*** Opening Data segment ***

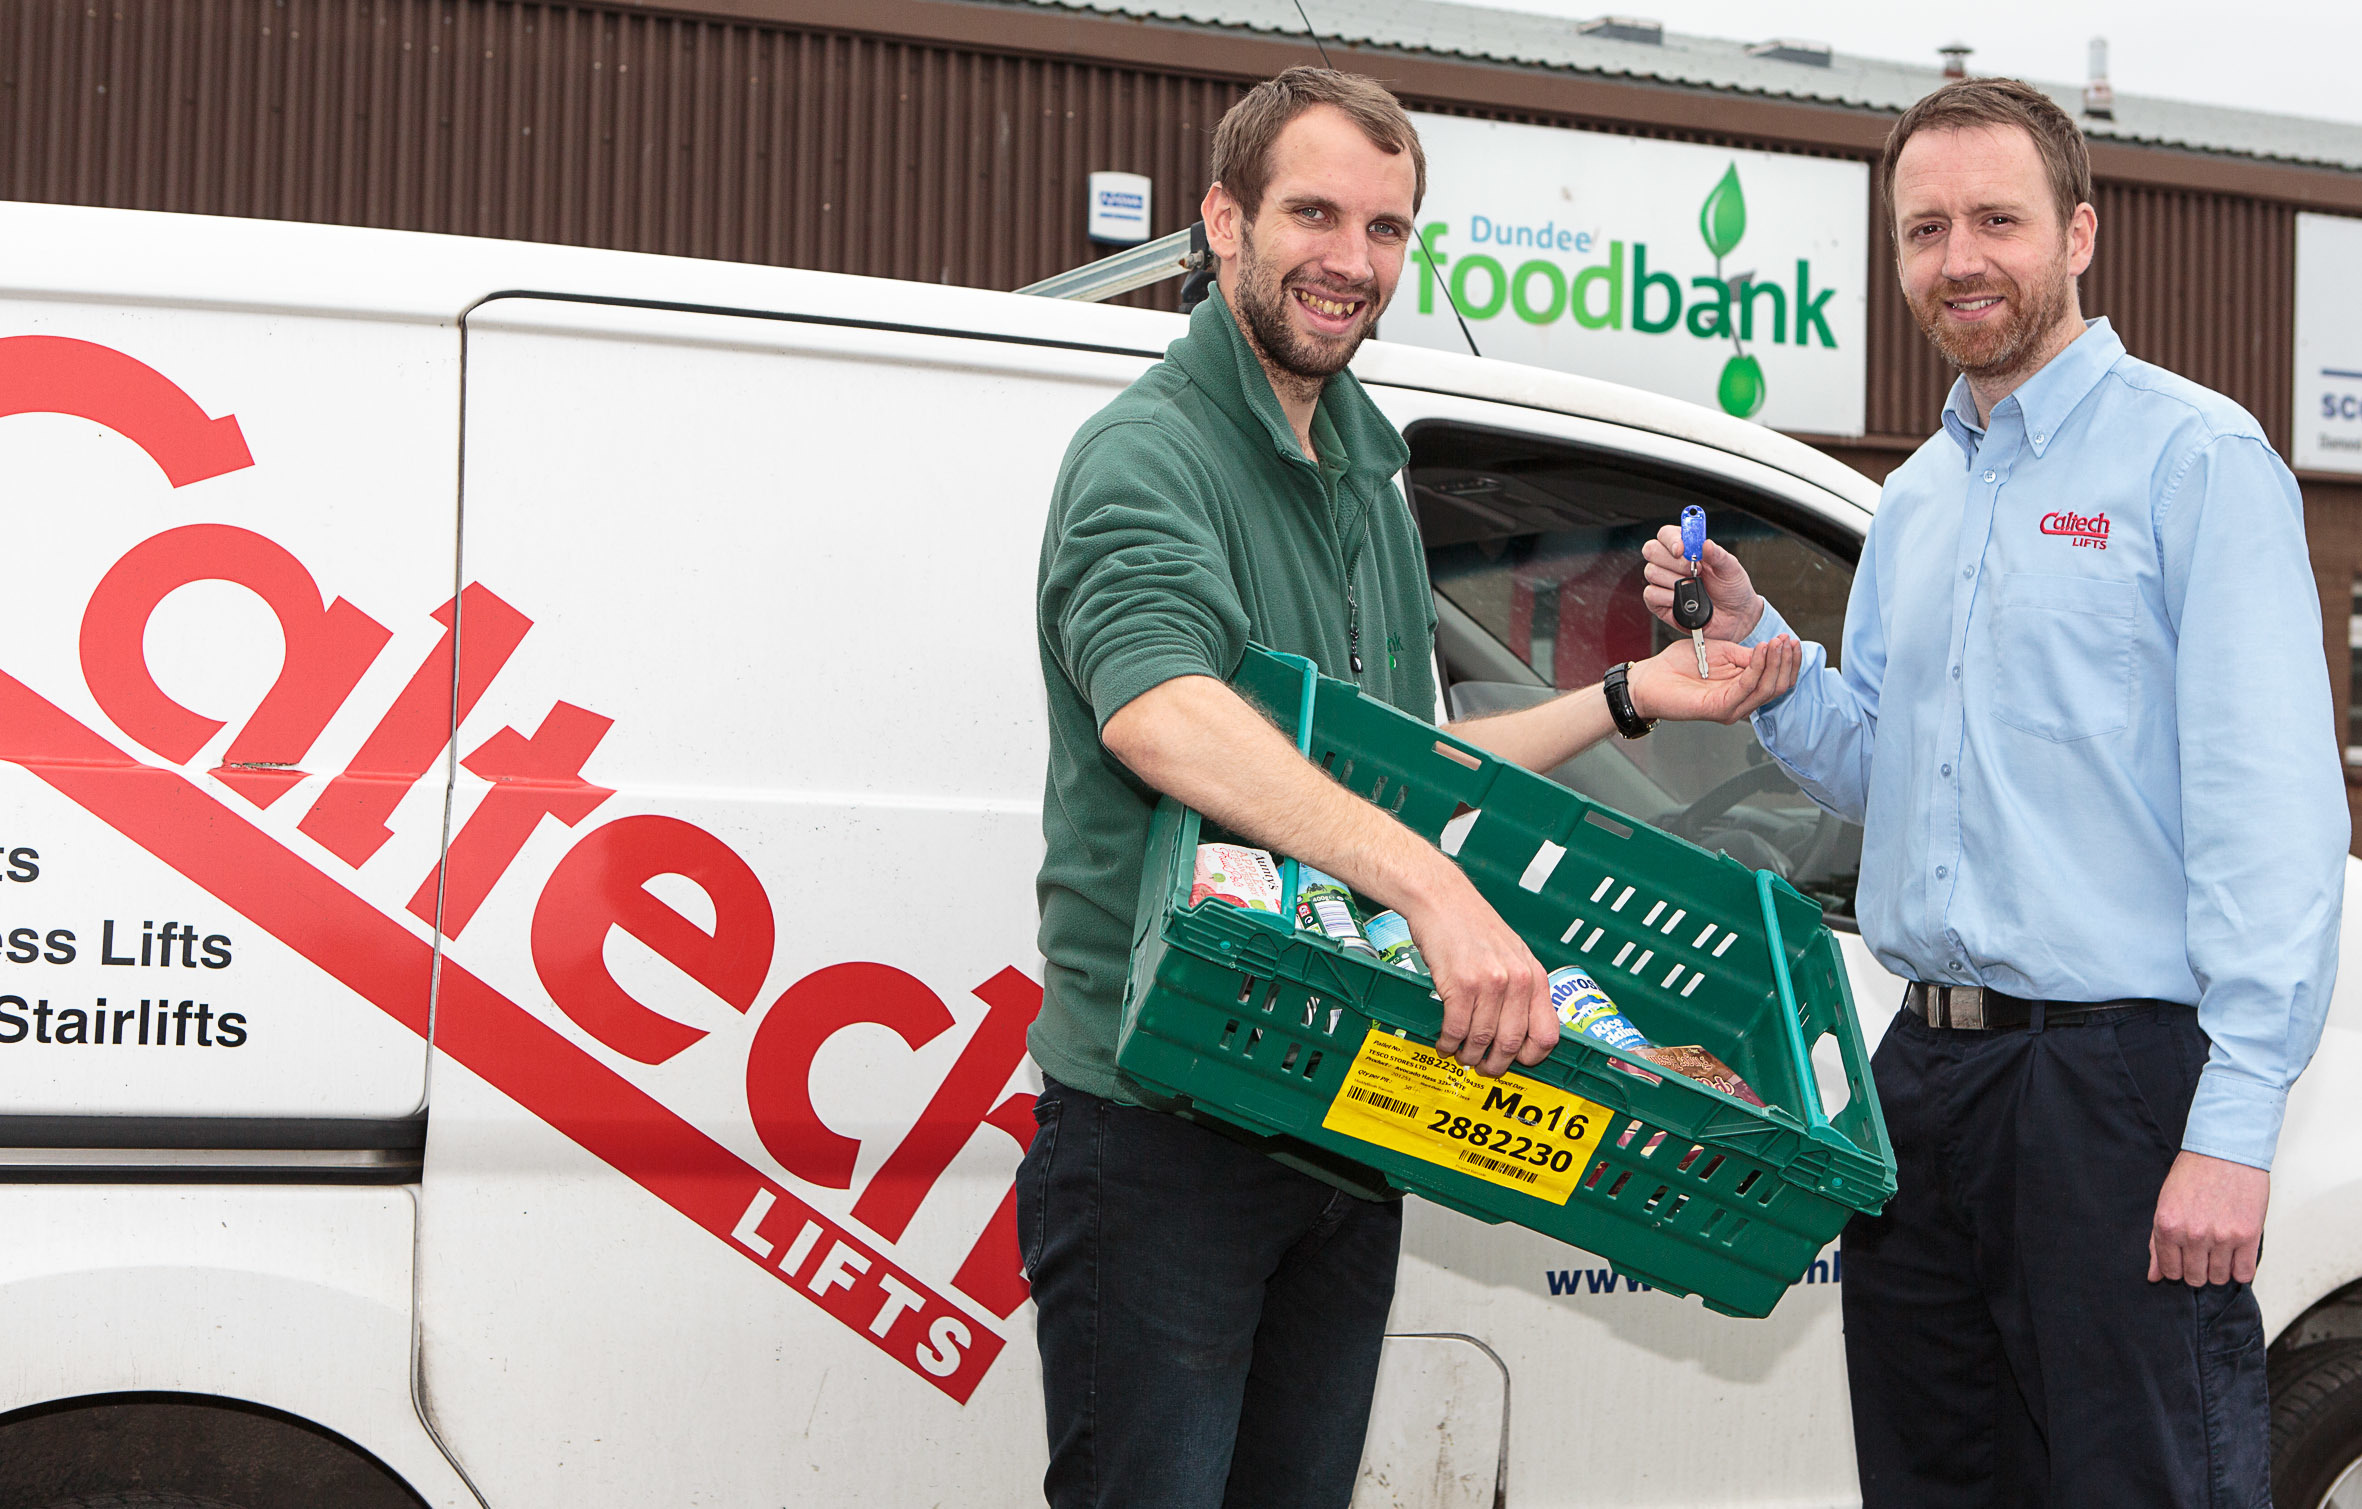 Caltech Lifts managing director Andrew Renwick (right) hands over their spare van to Dundee Foodbank warehouse coordinator Michael Calder.
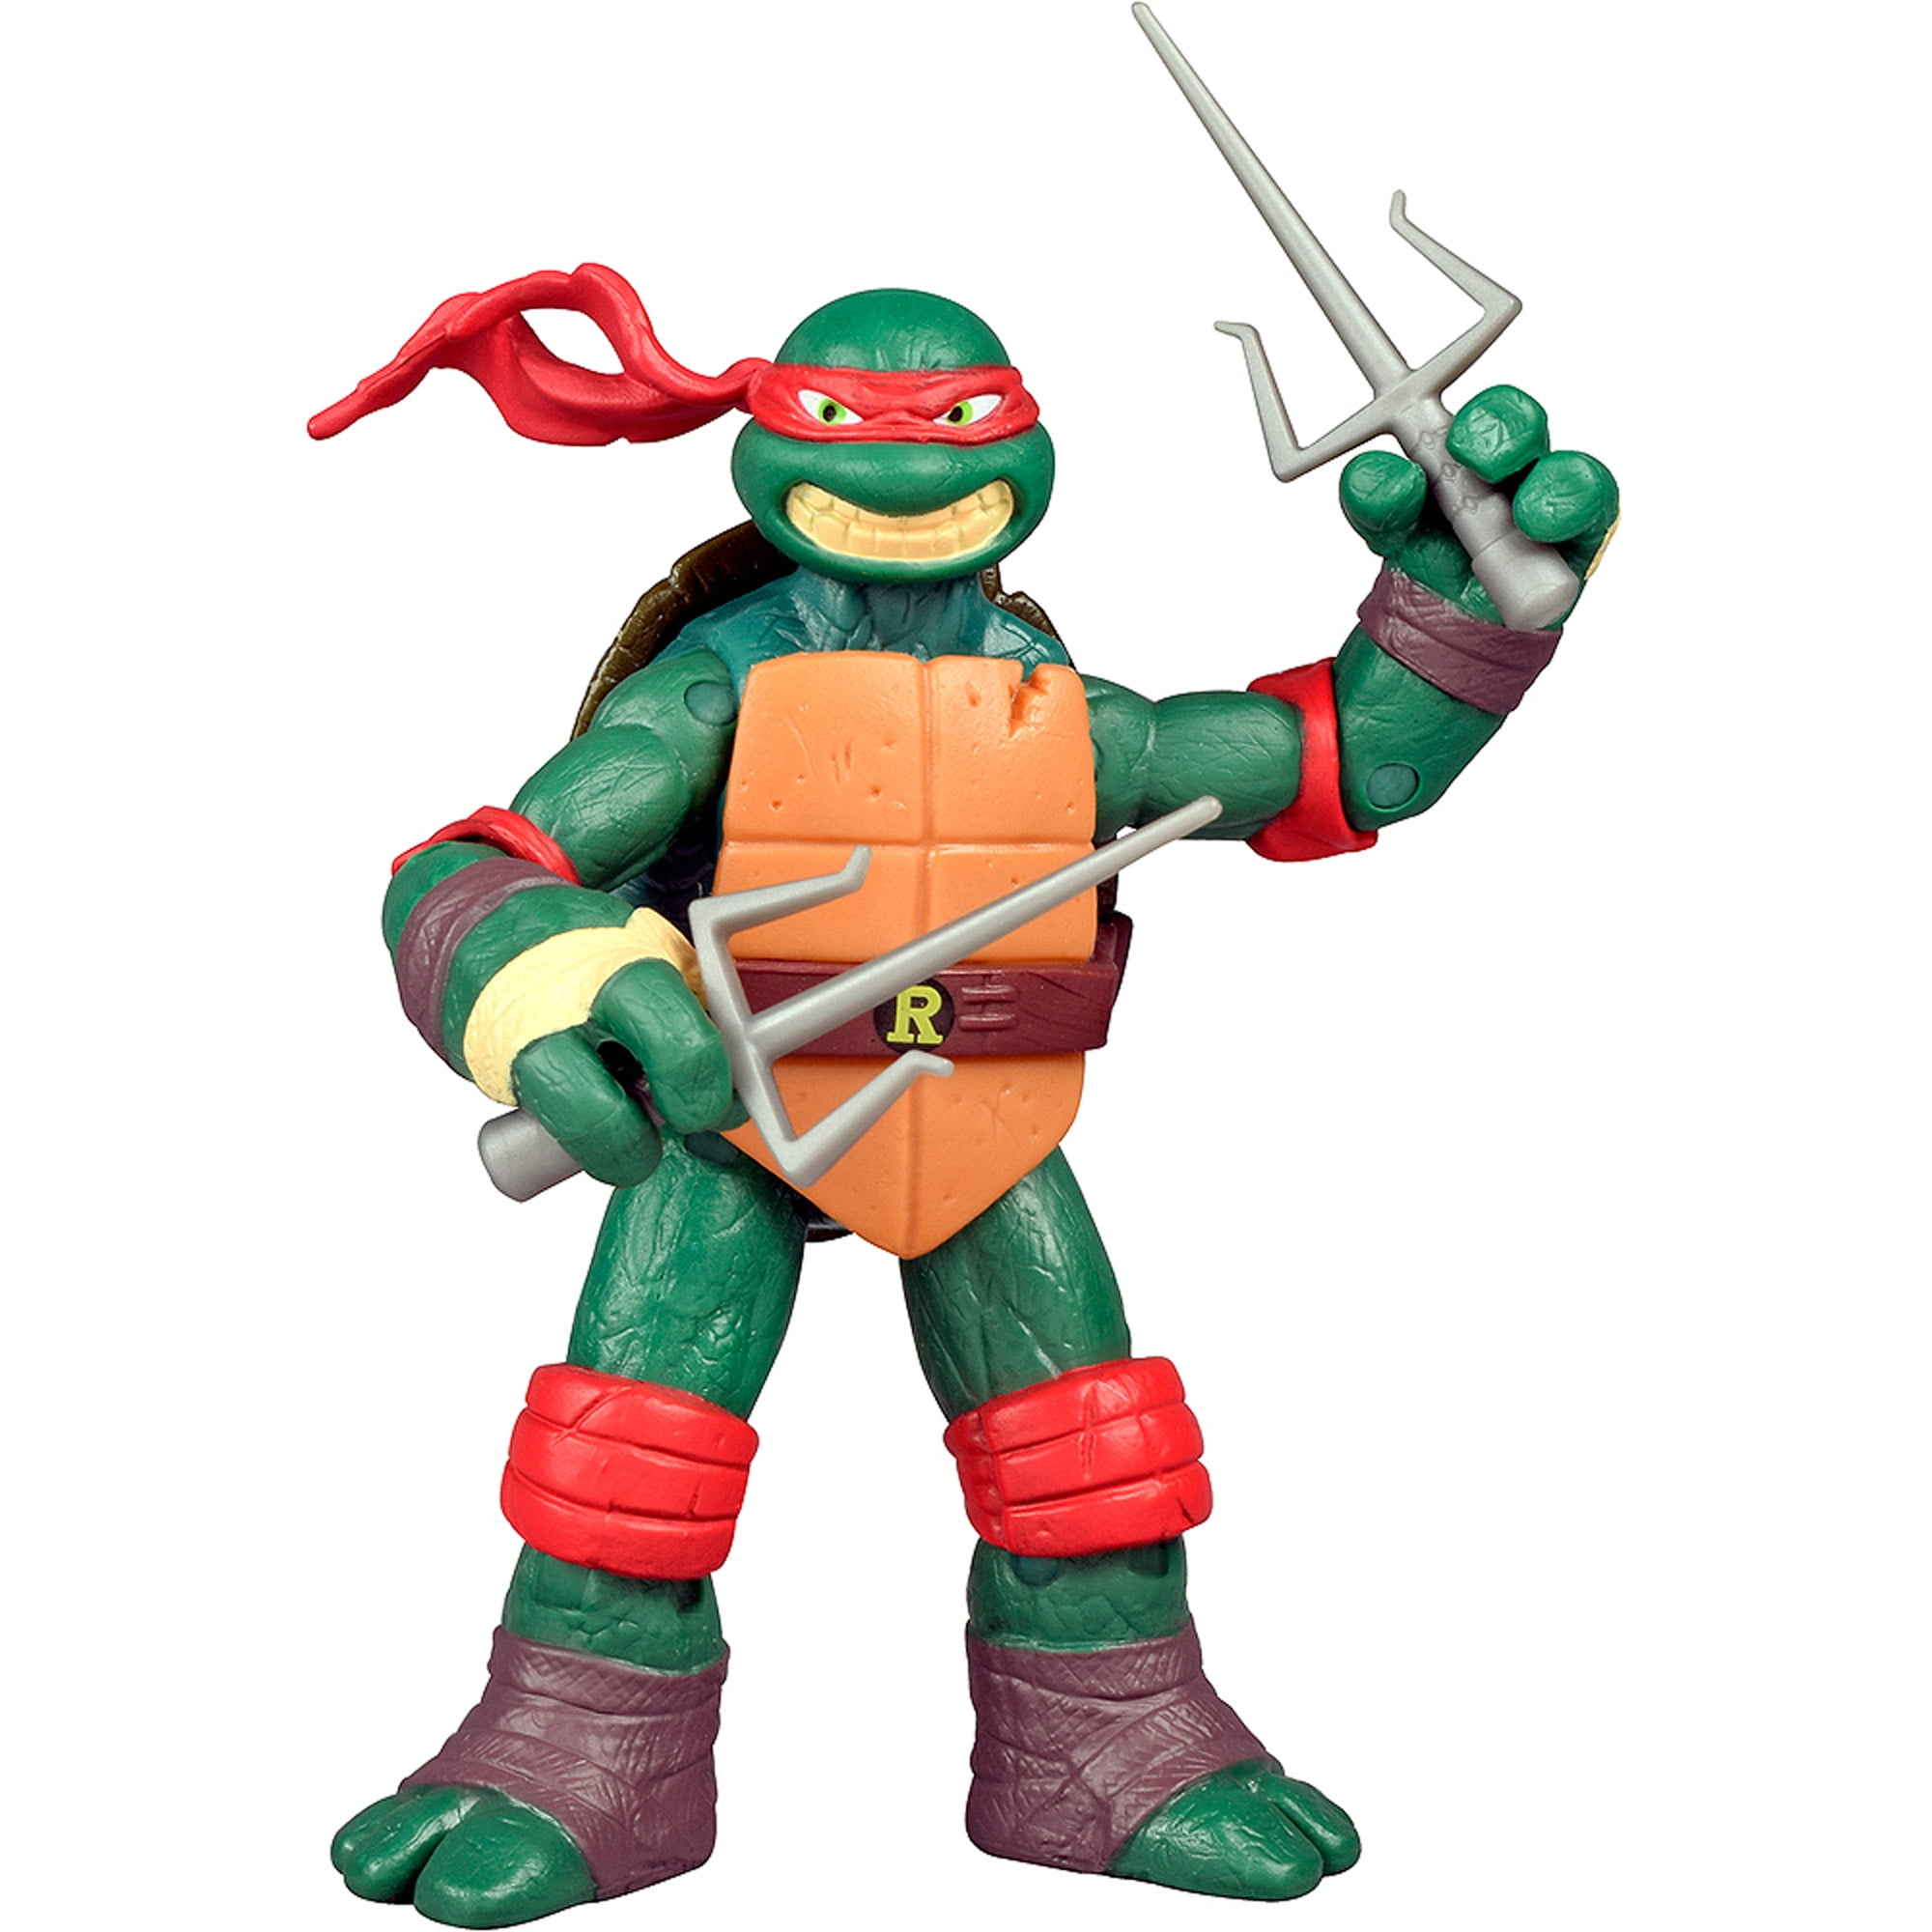 Nickelodeon Teenage Mutant Ninja Turtles Re-Deco Action Figure
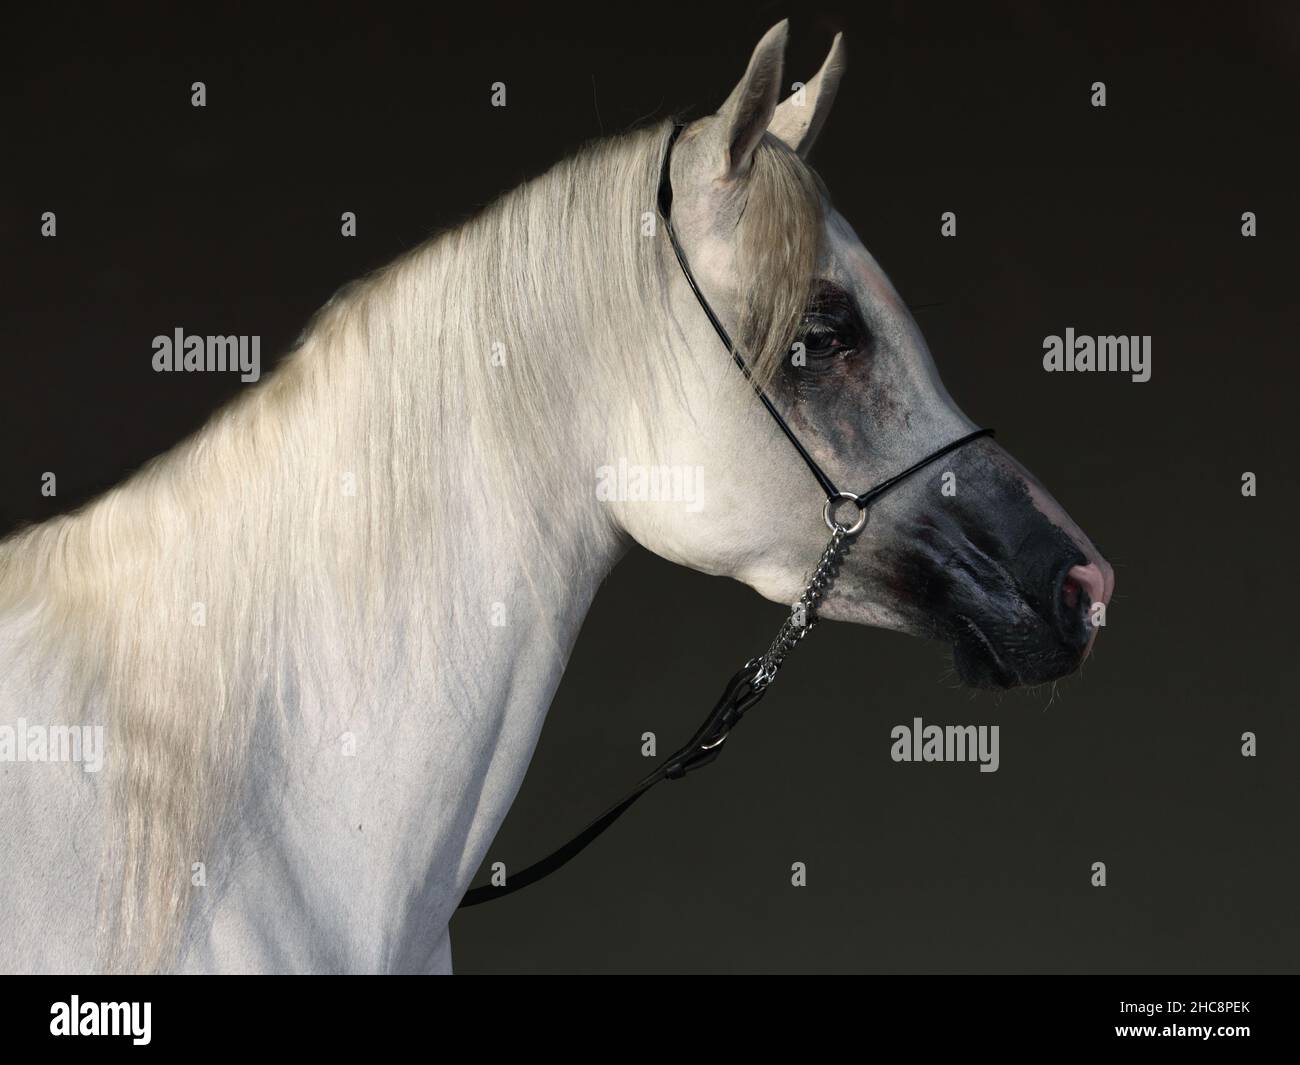 Arabian horse portrait against dark stable background Stock Photo

*** Closing Data segment ***

Retype all of the listing word for word and skip the pictures.

▶ _Answer to the exercise_
 Caltech Lifts managing director Andrew Renwick (right) hands over their spare van to Dundee Foodbank warehouse coordinator Michael Calder.
 Nickelodeon Teenage Mutant Ninja Turtles Re-Deco Action Figure
 Arabian horse portrait against dark stable background Stock Photo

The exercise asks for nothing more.